Transwell invasion assay
Transwell inserts (sigma, China) that were pre-coated with Matrigel matrix (BD, USA) were put into 24-well plates. 200 µl of cells (1 × 10 5 cells/ml) suspended by FBS-free mediums were planted into the inserts, and 10% FBS-supplemented mediums were added into the plates. After 24 h of incubation at 37℃ in 5% CO2, the cells invaded to the plates were exposed to 4% paraformaldehyde for fixation for 30 min, followed by 0.1% crystal violet for staining for further 30 min. Cells still in the inserts were softly wiped off with a wet cotton swab. Five fields of the view were randomly selected using an inverted microscope, and then photographed for cell count.

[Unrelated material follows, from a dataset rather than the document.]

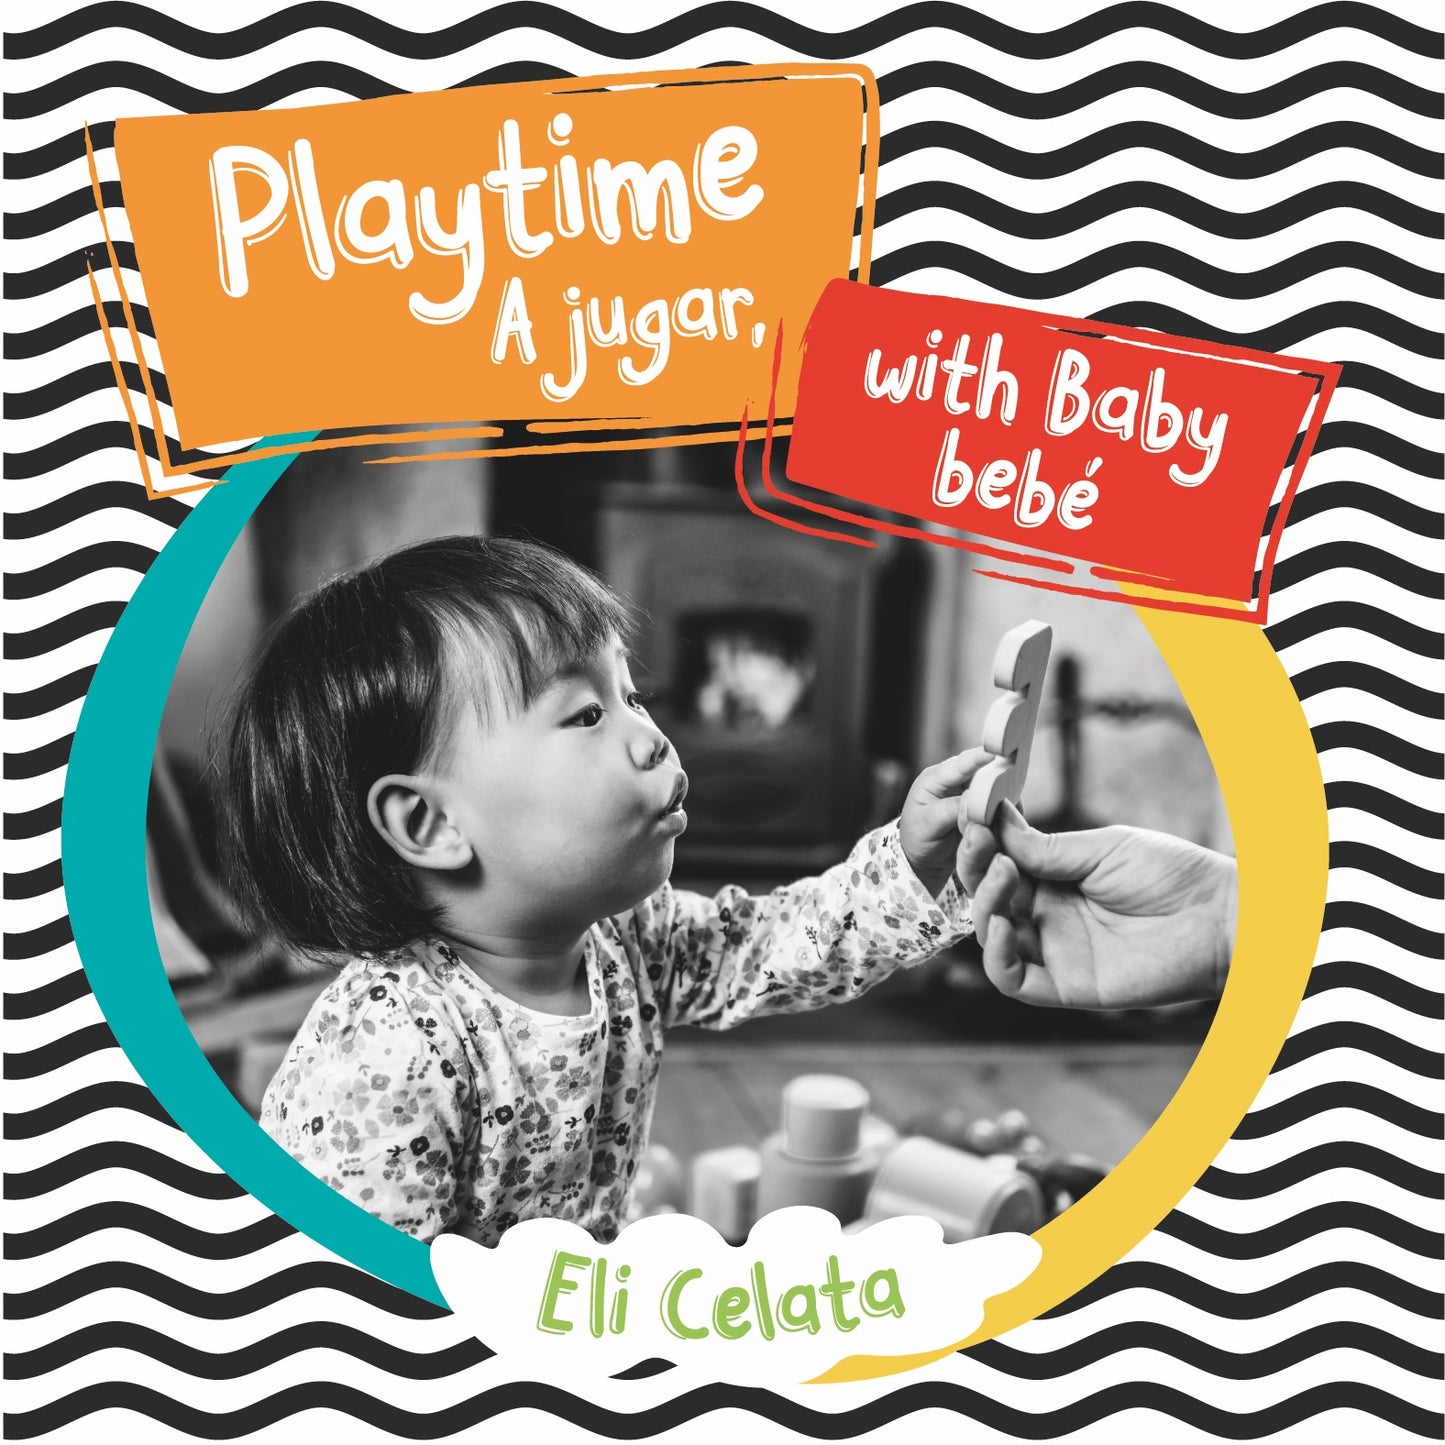 Playtime with Baby/A jugar, bebe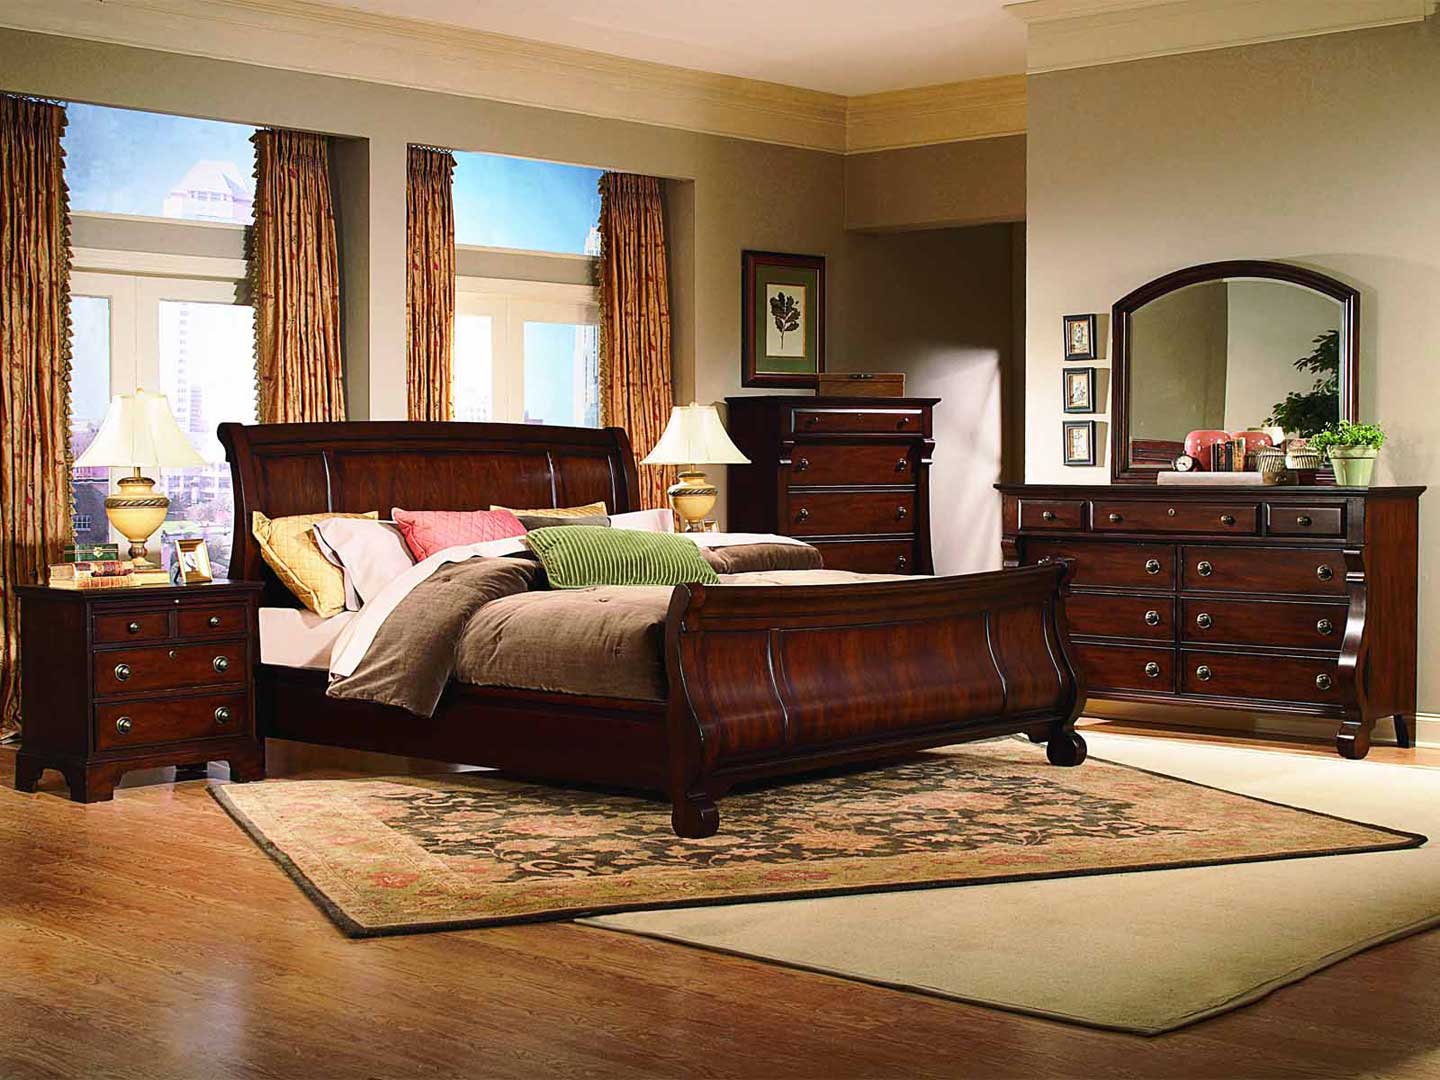 King Bedroom Armoires Surprising King Bedroom Sets With Armoire For Beach House Design Ideas And Agreeable Thick Carpet Design Also Contemporary Dark Wood Bedside Table Idea Also Sweet Round Bedside Lamps Bedroom Enhance The King Bedroom Sets: The Soft Vineyard-6

Chromatin immunoprecipitation (ChIP)-PCR
The EZ-Magna ChIP assay kit (Millipore) was used for ChIP assay. The specific procedures were as below: 1% formaldehyde solution was used to induce the cross-linking of cells and 140 mM glycine was added for the reaction termination. After the cells were lysed, the nucleoprotein complexes were sheared to the 200–500 bp, and then the obtained DNA fragments were incubated with the antibody for immunoprecipitation overnight at 4℃. Then the samples were washed with 1 × low salt buffer, 1 × high salt buffer, 1 × LiCl buffer and 2 × TE buffer, and sequentially eluted with 200 µl of elution buffer at 37℃ for 15 min. Thereafter, the samples were incubated with 5M NaCl for the reversal of cross-linking overnight at 65℃, and then treated with RNase and protease K. qRT-PCR was performed for identifying the combination of CTCFL and the DPPA2 promoter region.
Statistical analysis
All data were analyzed under the GraphPad Prism 7.0 software (GraphPad Software, Inc., La Jolla, CA). Measurement data were presented as mean ± standard deviation. Comparisons between two groups and among multiple groups were analyzed by Student’s t test and one-way analysis of variance, respectively. Each result was representative of at least three independent experiments. P < 0.05 was set to be a threshold for statistical significance.